# Given data
■ ■ ■ ■ ■

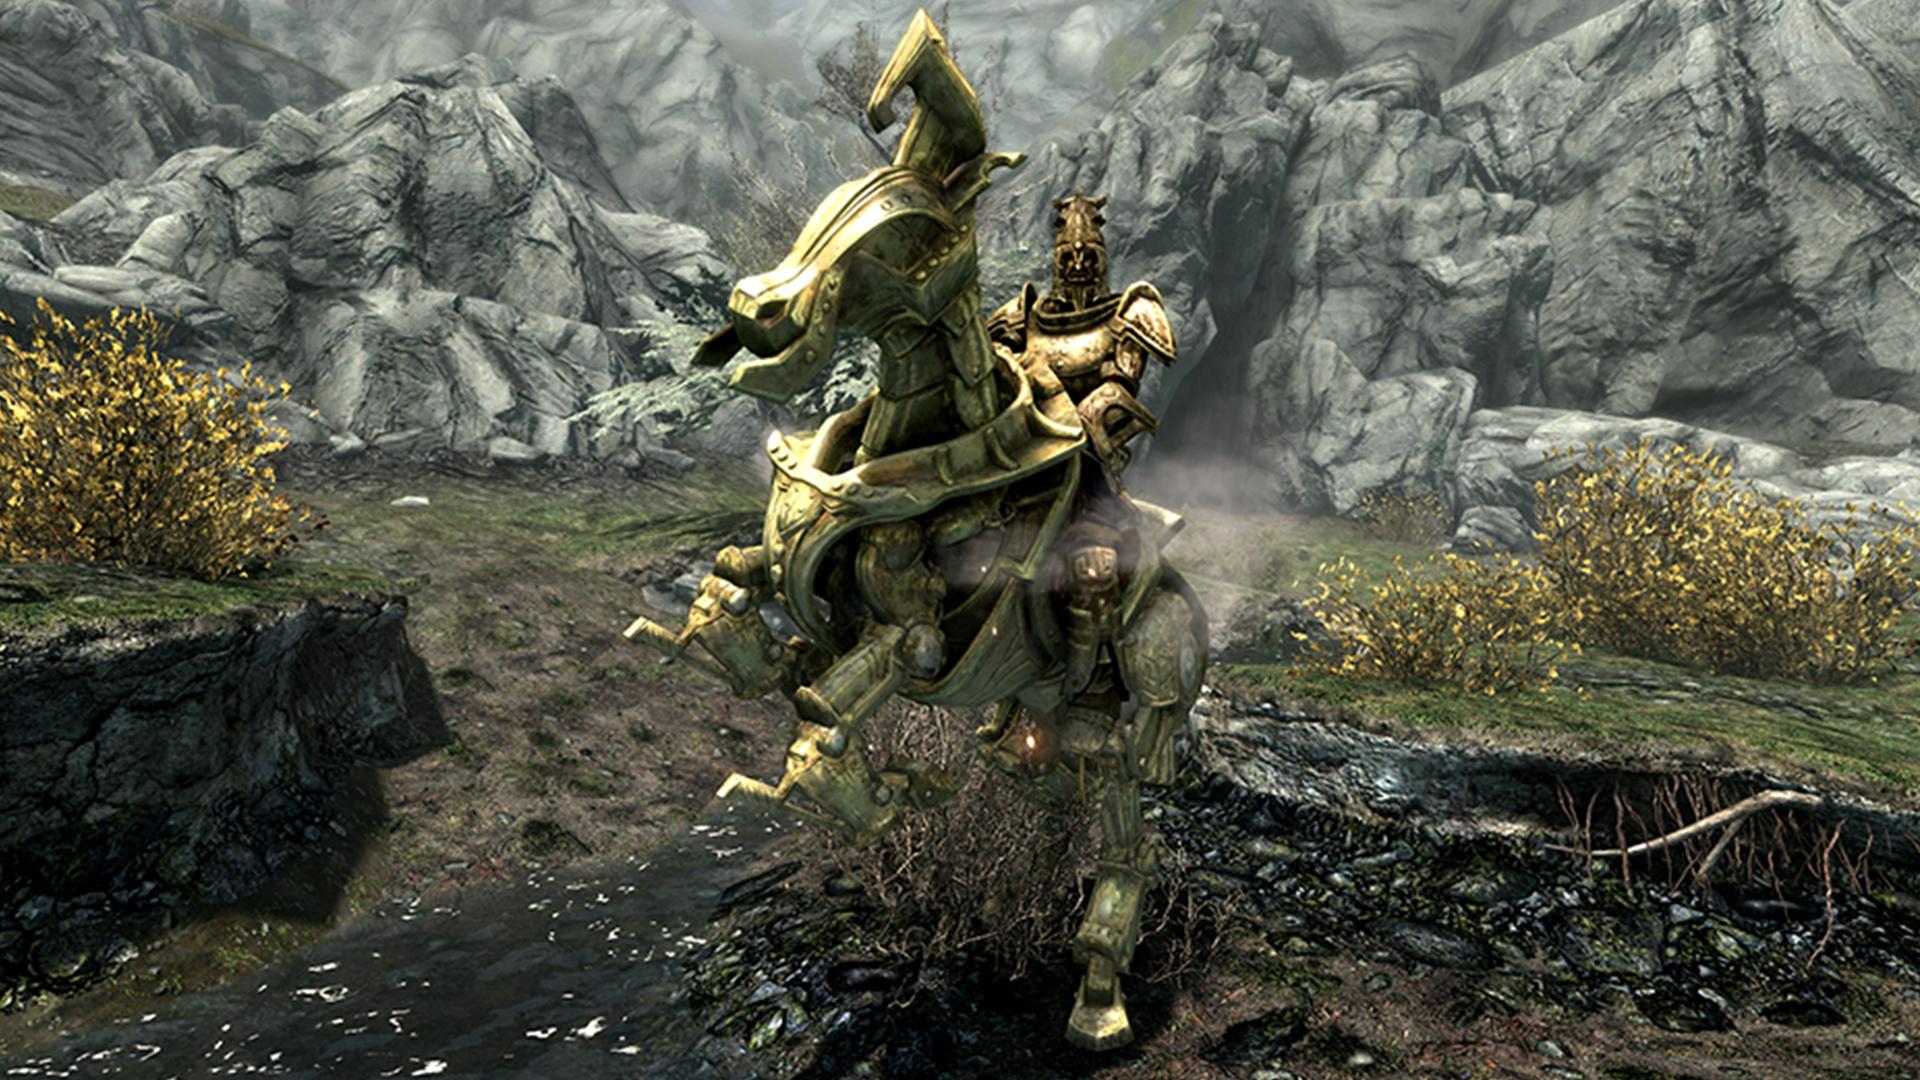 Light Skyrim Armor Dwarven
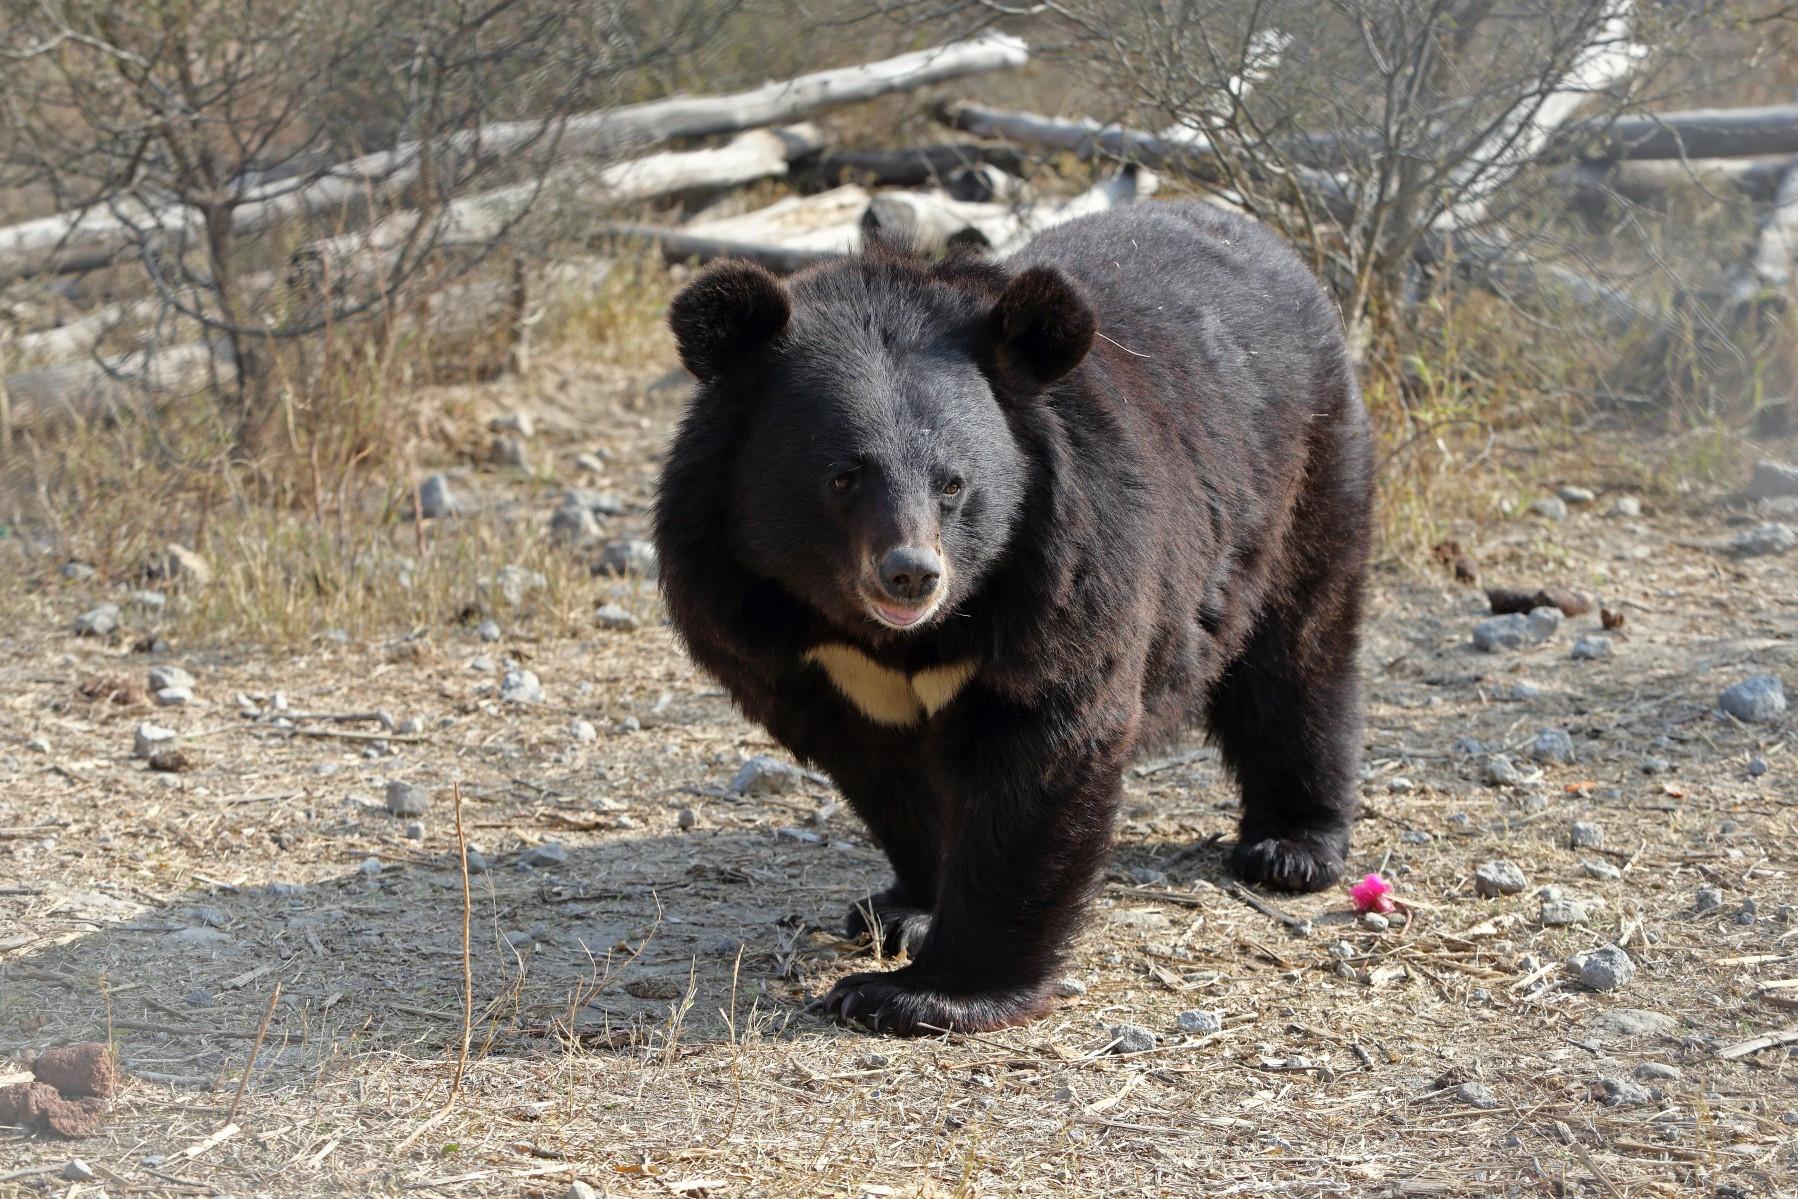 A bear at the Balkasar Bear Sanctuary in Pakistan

■ ■ ■ ■ ■

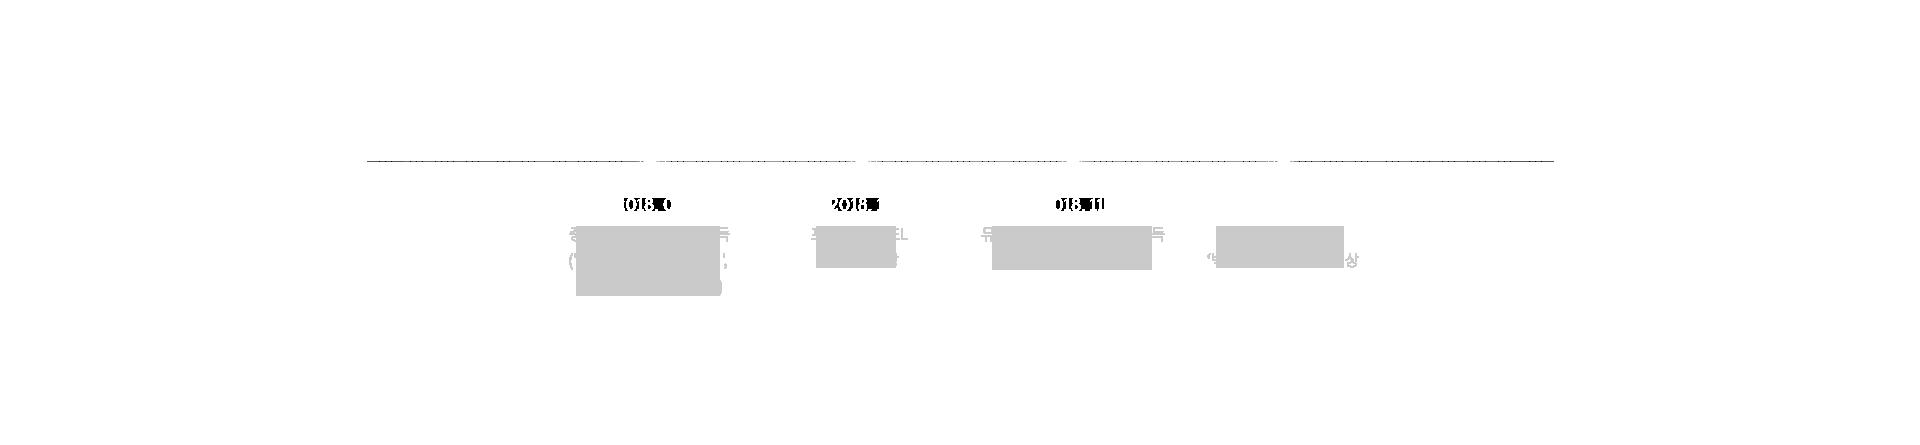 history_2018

■ ■ ■ ■ ■

# Goal of the exercise
Skipping the pictures, print the lines in the listing above exactly as written, starting at the line with "Light Skyrim Armor Dwarven" and ending at the line with "A bear at the", both included.

# Answer below
 Light Skyrim Armor Dwarven
 A bear at the Balkasar Bear Sanctuary in Pakistan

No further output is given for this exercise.